PORTLAND, Ore. (KOIN) — A total of about 100 miles of neighborhood streets in Portland will be “repurposed,” including some road closures, to car traffic beginning later this week, part of the city’s effort to give residents more space to practice social distancing.
“Slow Streets Safe Streets” is a plan announced by Commissioner Chloe Eudaly last week. The temporary barricades are designed to slow or stop traffic on these streets, and signs will be installed to alert drivers.
The plan will also expand pedestrian space along busy streets that are narrow or missing sidewalks and install pop-up walking and bike lanes, officials said.

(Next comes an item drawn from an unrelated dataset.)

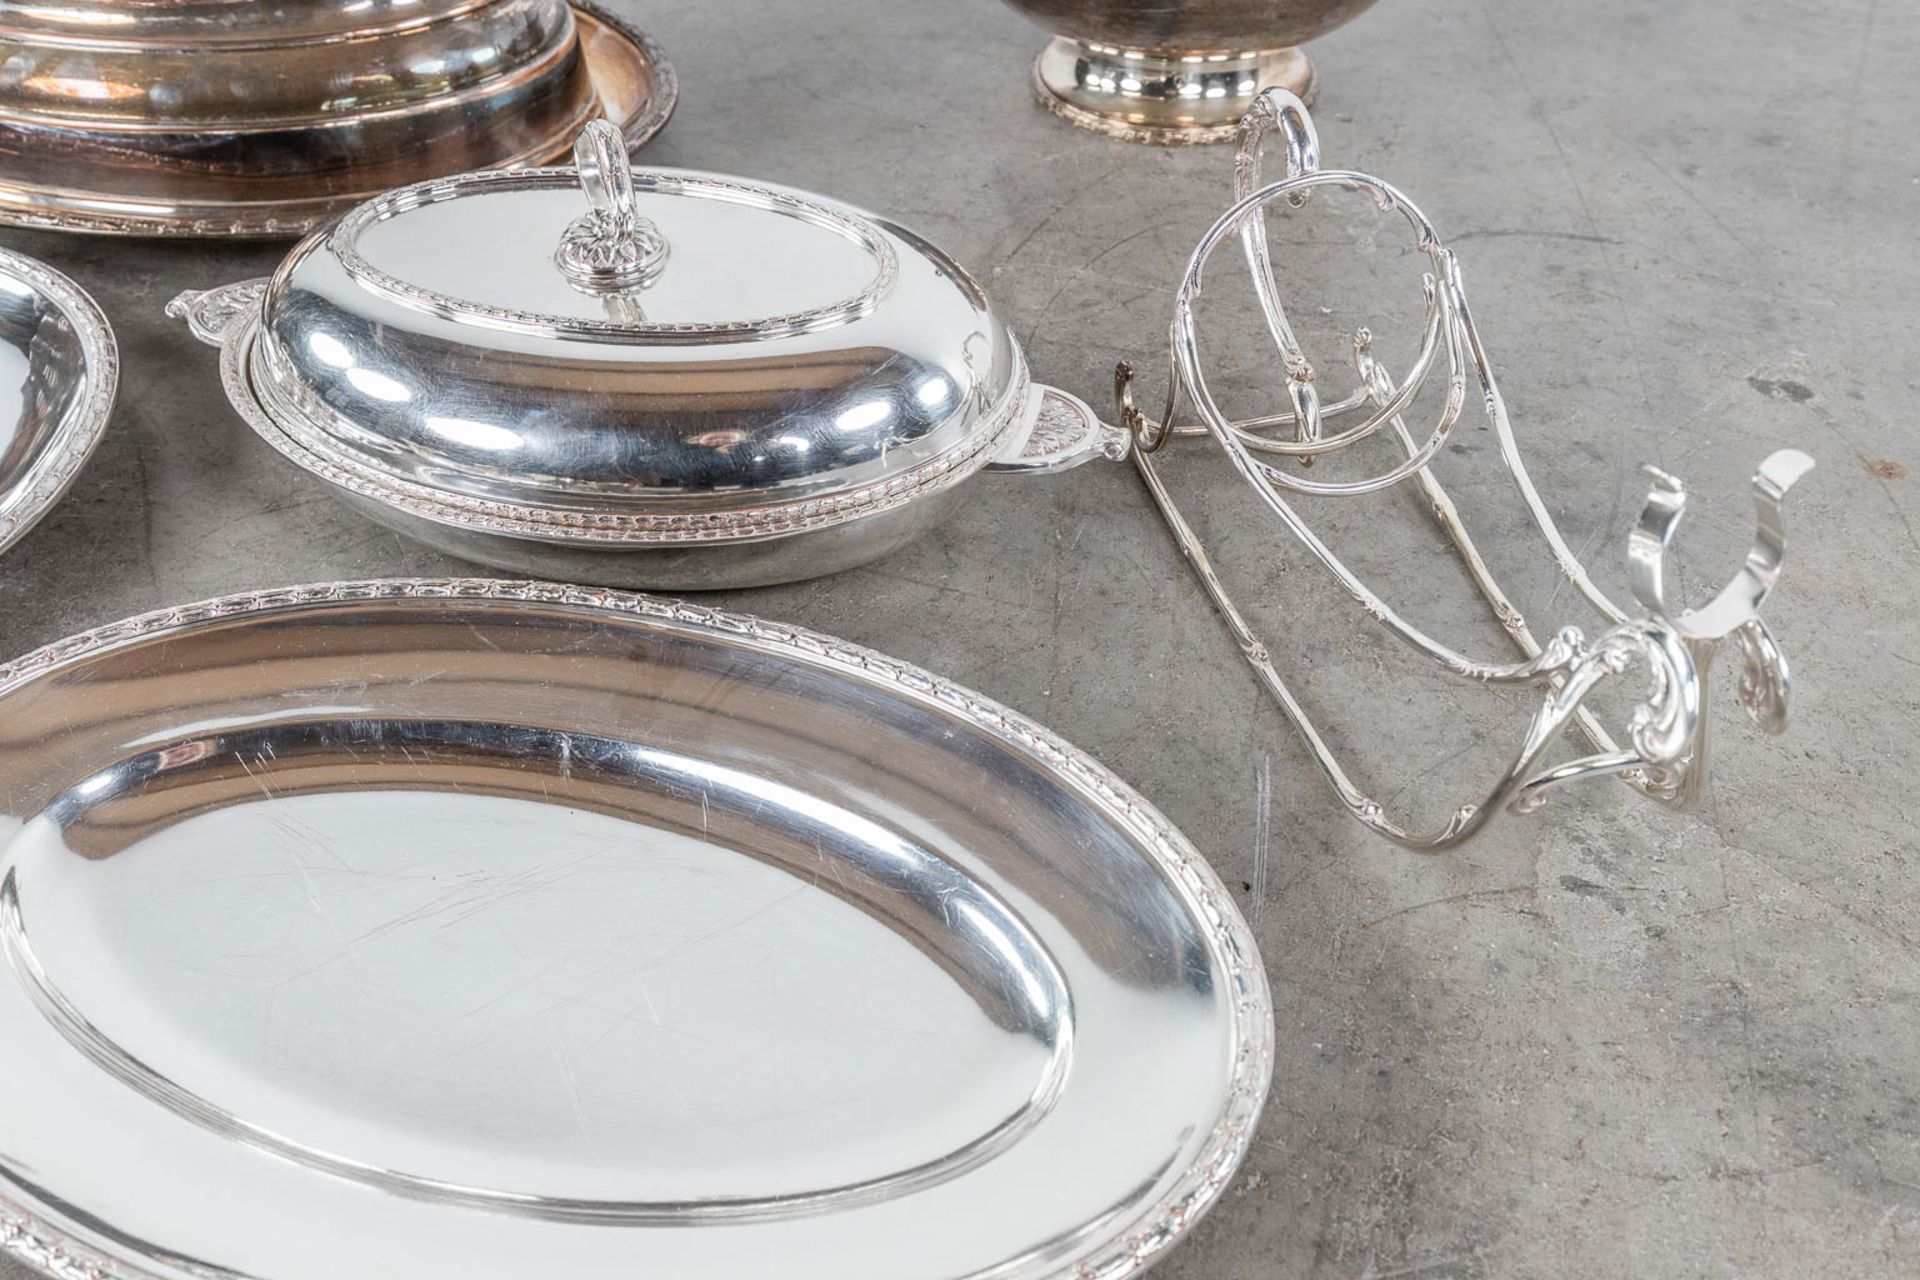 A large collection of table accessories and serving ware, silver-plated metal. (L: 32 x W: 48 cm) - Image 9 of 10
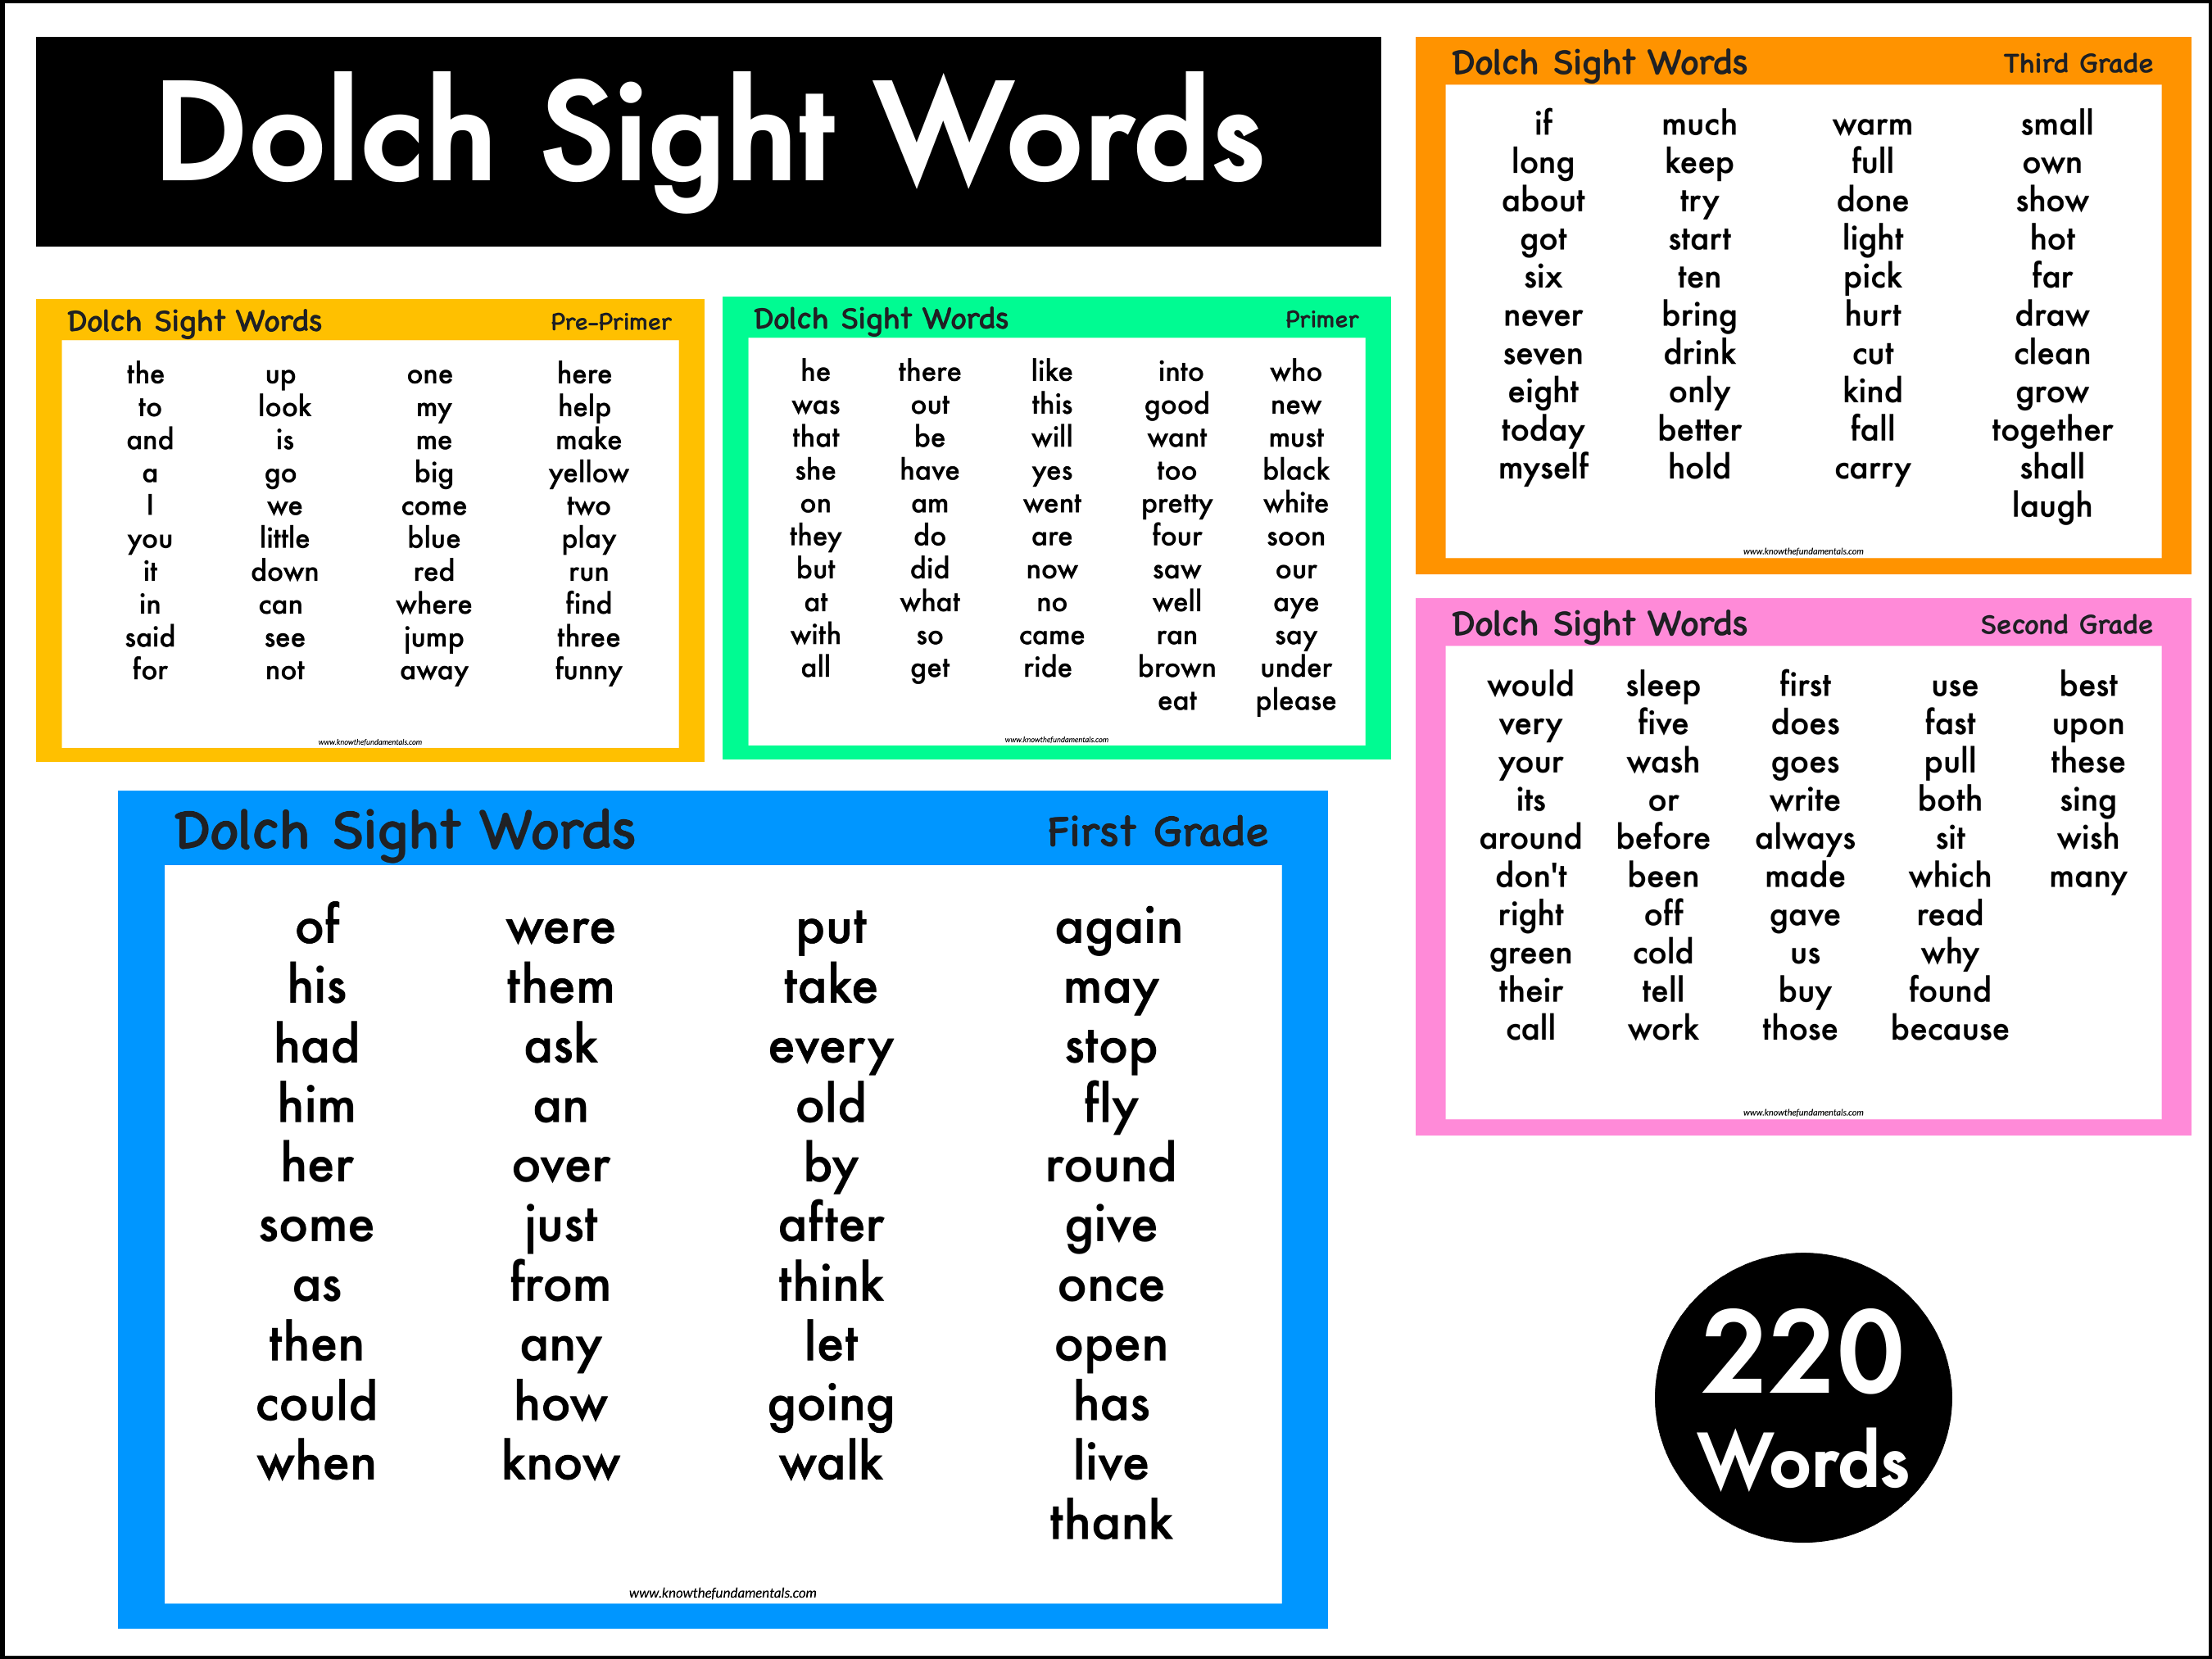 dolch-sight-words-220-words-list-digital-file-knowthefundamentals

The plan was announced last week, but which streets would be closed was not revealed. The Portland Bureau of Transportation will begin the barricade process later this week — “locations where greenways intersect with busy streets and have historic high traffic volumes.”
PBOT — which is one of the bureaus Eudaly oversees — said this plan has three main components: creating neighborhood greenways, expanding pedestrian space along busy streets and reserving space for customers in business districts.
Barrels will be set up in the middle or along the side to alert drivers its limited access. Essential vehicle trips are allowed for people who live, work and need access to homes and businesses.
The ‘Slow Streets Safe Streets’ will remain in place for as long as Gov. Kate Brown’s “stay home” order is in place.
PBOT’s John Brady said these barricades aren’t permanent.
“No, it’s not permanent or putting in gathering spaces, That would defeat the point of physical distancing.”
Since the pandemic began, there are 88% fewer traffic jams and overall traffic is down about 50%, authorities said. But motorists are driving faster, which worries officials.
Residents are encouraged to let PBOT know where streets could be improved with this type of social distancing: 503.823.SAFE or active.transportation@Portlandoregon.gov.
The program will work in phases and be coordinated with Gov. Kate Brown’s decisions on starting the process to re-open Oregon.
A similar plan in New York City, “Open Streets” was discontinued about two weeks after it initially began. New York Mayor Bill DeBlasio said not enough people used the open roads to justify the police presence necessary to keep them safe. A revised plan was released May 1 and will close 7 miles of roads near parks in its first phase.